Зрение испортилось у него, причем резко, с того утра, когда он проснулся после падения в коридоре. Обнаружилось это сразу и для доктора загадкой не явилось – выраженная детская близорукость. Бывает…
Другое удивляло: почему так внезапно, почему этого не было еще вчера? На это доктор улыбнулся и ответил, что было это всегда, просто не подмечали, не проверялись, очевидно, как положено, другие присутствовали жизненные доминанты, стало быть, и с пониманием продолжил изучение медицинской карты ребенка. Одним словом, очки были подобраны и выписаны, и со следующей недели Иван Лурье вдобавок к «хромому» заделался еще и «четырехглазым», или «четырехмоторным», – зависело от фантазии детского окружения. И снова промолчал дома, и снова поплакал про себя…
Со временем Ирина, а потом и Марик заметили, что в школу их сын собирается послушно, как и прежде, но как-то неохотно, оттягивая счастливый момент выхода из дому за руку с дедушкой Семой. Дед тогда с заботливой бойкостью поторапливал внука, чувствуя в эти моменты, какой он важный и незаменимый в семье функционер. Большего, к сожалению, Самуилу Ароновичу подметить не удавалось. Но Ирина сообразила внезапно, что источник странного отчуждения Вани от школы в ней самой, в школе этой, и лежит.
Остальное стало делом техники. Через два дня психологический анамнез школьной ситуации, составленный матерью без особого труда, был готов и переведен на английский язык для чтения Мариком, которому в срочном порядке теперь язык этот был необходим для использования в стране будущего проживания. Тогда-то они и приняли, по сути дела, решение окончательно и изложили деду вызревший план, который теперь опирался уже на конкретные факты «за».
Вышло в результате не так, как они рассчитывали. Про измену родине дед не упомянул, хотя понял – отъезд такой просто для контракта не получится. Контракт какой-никакой имеет свойство переворачиваться потом в другой контракт, а тот – в третий. Такое путешествие бывает лишь в одну сторону и рано или поздно становится невозвратным. Особенно если это не Израиль, как у всей родни бывшей, а Америка, где отродясь их никого не было.
– За них я б не стал под танк бросаться, – тихо сказал он, понимая, что не в силах остановить сына с невесткой, – стало быть, умирать мне здесь надо, где Сара лежит и где мне лежать надо. – Он взглянул на почти глухого Торри Второго и добавил: – Мы поживем с ним еще малость, а потом к вам переберемся. С другого только конца. А вы езжайте, без нас езжайте… – Он нагнулся и погладил бульдога по облезлой спине, тот не прореагировал, уставившись в неподвижную точку на полу. – Мы сами тут с делами нашими управимся, да, Торь? – Торри Второй снова не отреагировал, потому что ничего не услышал…

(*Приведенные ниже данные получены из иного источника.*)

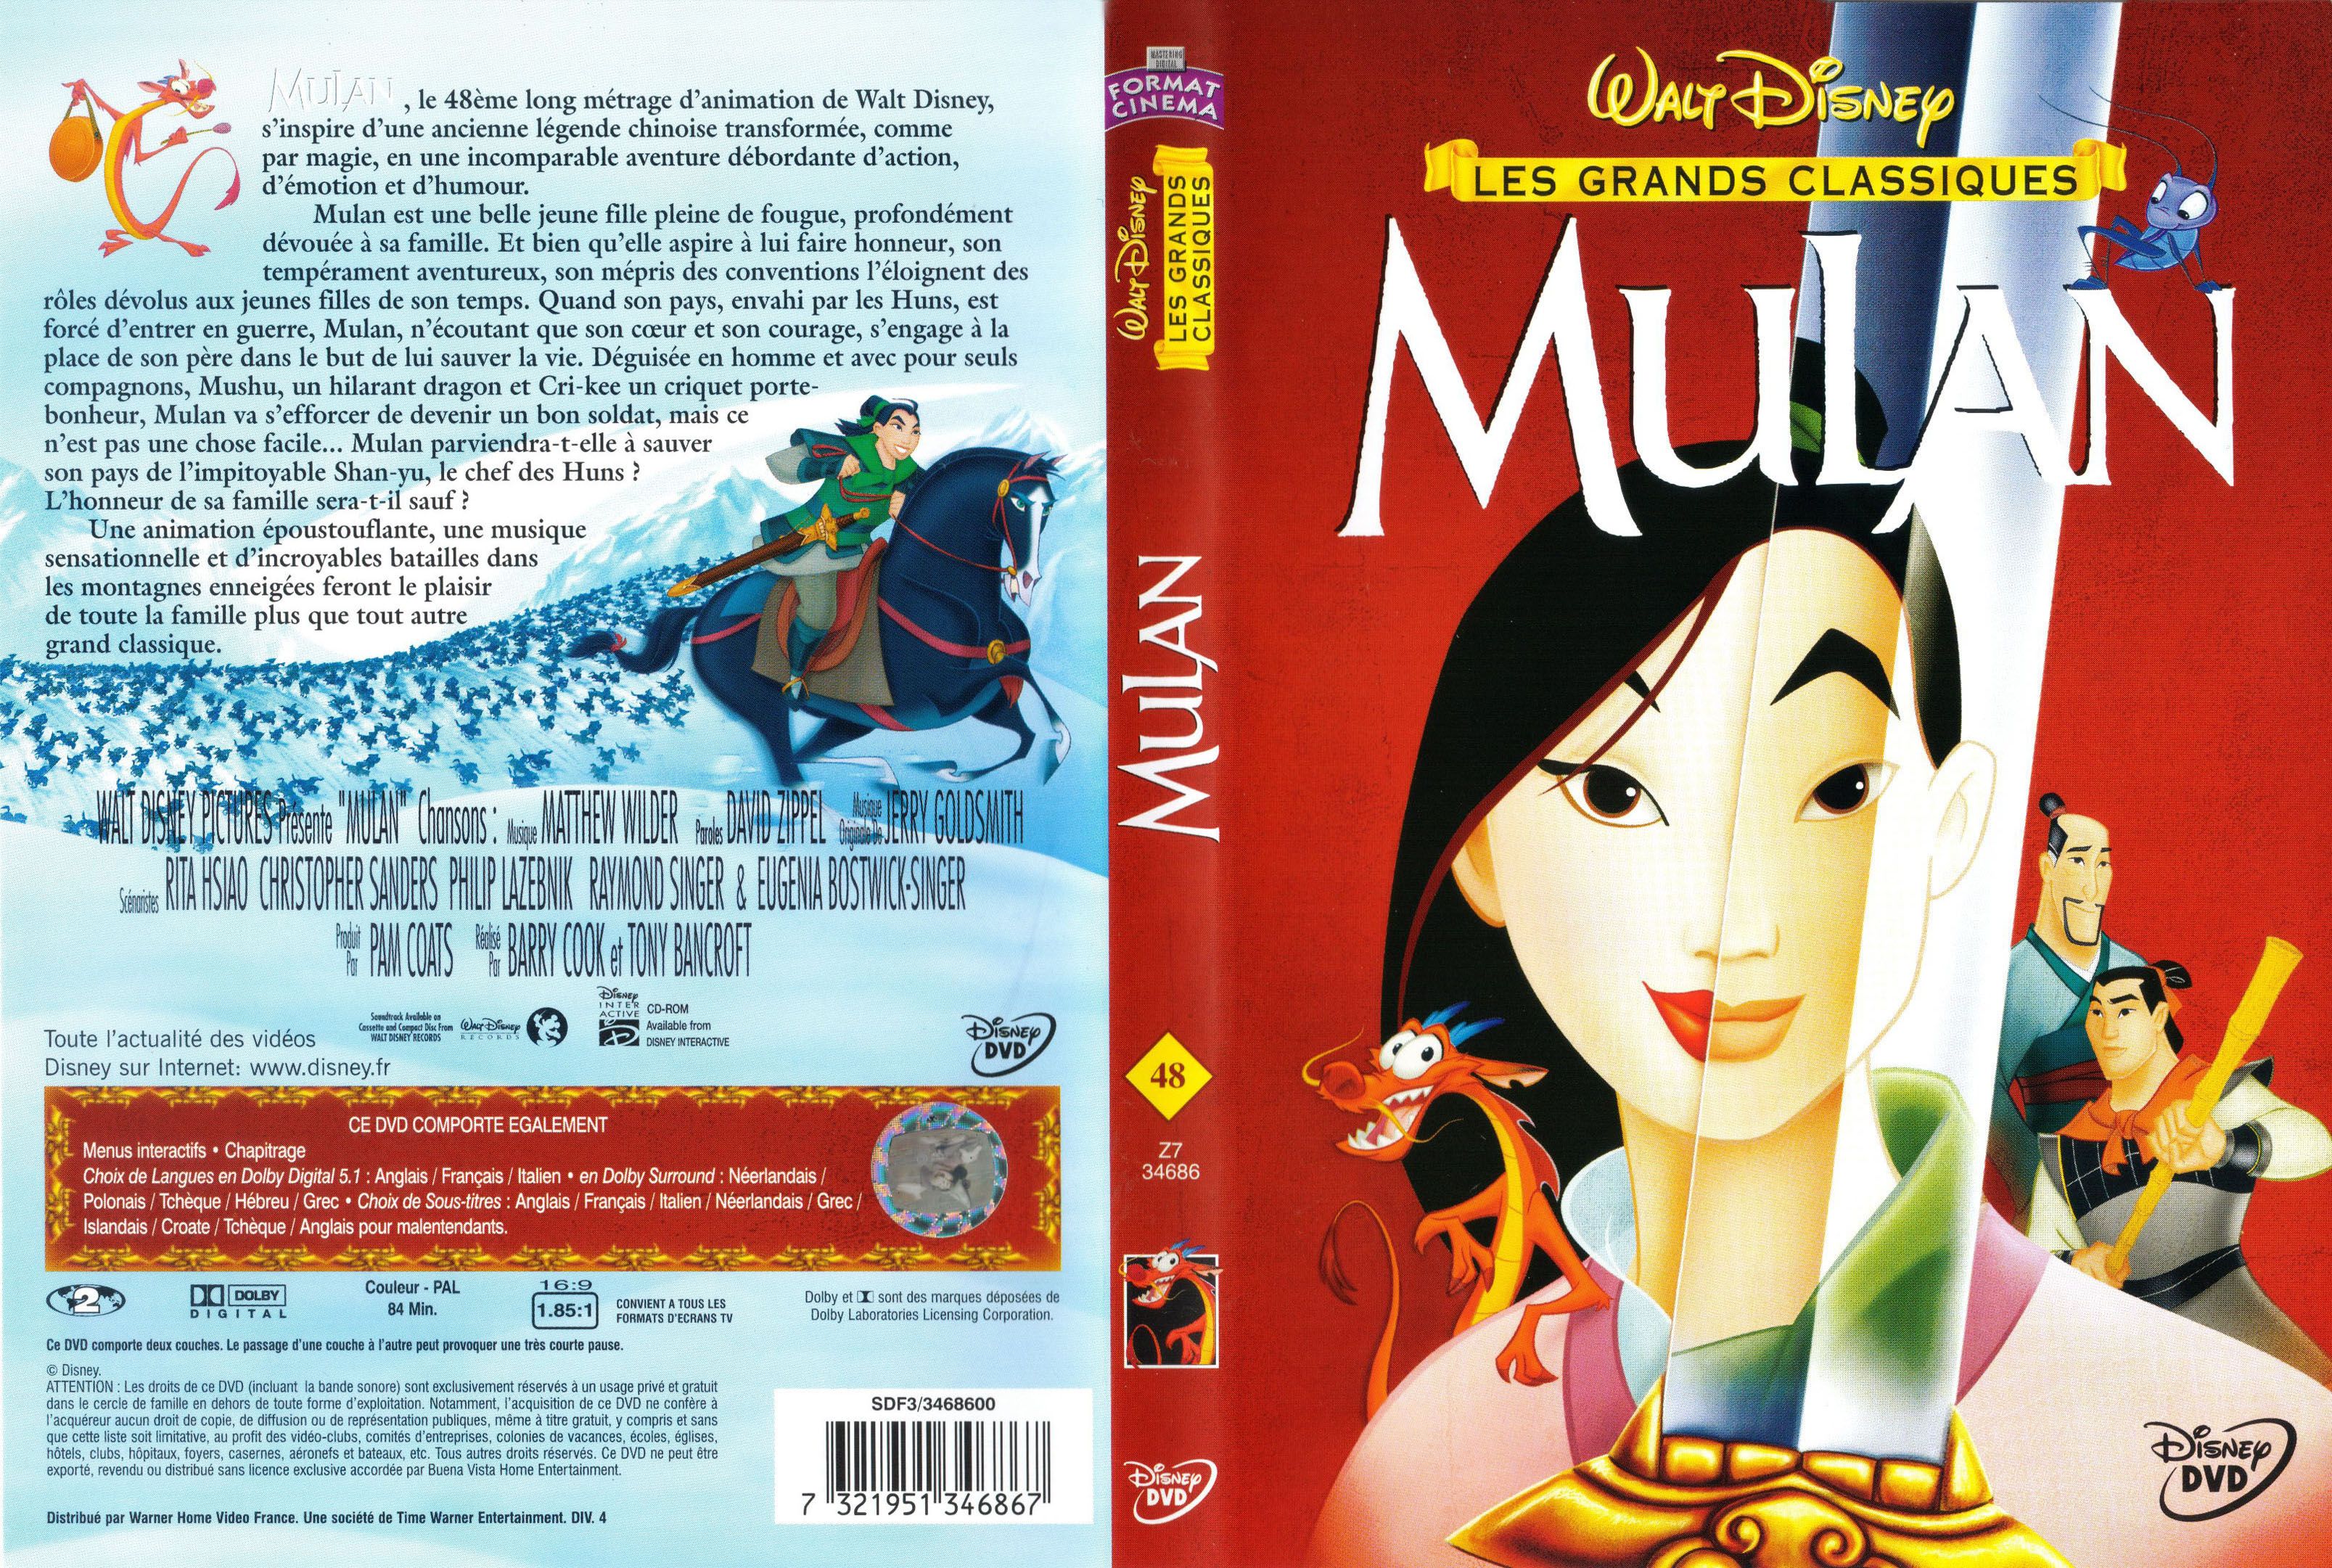 Jaquette DVD Mulan v2

В общем, после объяснения с Самуилом Ароновичем супруги Лурье переговорили с Заблудовскими, заручились поддержкой относительно деда и приступили к оформлению бумаг. К середине апреля с формальностями было покончено, а билеты были забронированы на самый конец месяца. Последние недели Ирка усиленно натаскивала Марика в английском: предстояло интервью по специальности, и, возможно, не одно. Но особых усилий затрачивать не пришлось – Марик показал себя молодцом: сказалось природное трудолюбие и сопровождающие его с молодых лет таланты в любом ученье; ко дню отъезда Ирка была за него спокойна: всю терминологию из своей мостостроительной, по крайней мере, специальности Марик выучил назубок, да еще с многочисленными синонимами.
Каков из себя город Даллас, они позволили себе рассмотреть лишь месяца через четыре после поселения в бейсменте. К тому времени денег, привезенных Лурье с собой, оставалось на неделю жизни, а работы не просматривалось никакой. Обещанный контракт, разумеется, оказался липой. Хотя и не липой в прямом смысле слова: американец – тот и встретил, и разместиться помог, и искренне переживал за трудоустройство. Дело заключалось в том, что Марика, как вариант, он продал местной компании, занимавшейся подбором кадров по заявкам других компаний, многочисленных и разнообразных по профилю. Ситуация на рынке труда менялась быстро. Место, что он имел в виду для советского мостовика, было уже занято другим научным инженером, из Будапешта, но тем не менее обратной отмашки американский вербовщик давать тоже не стал, рассчитывал на другую удачу: Америка – великая страна, рано или поздно все в ней устраиваются, так почему бы не Лурье из Москвы?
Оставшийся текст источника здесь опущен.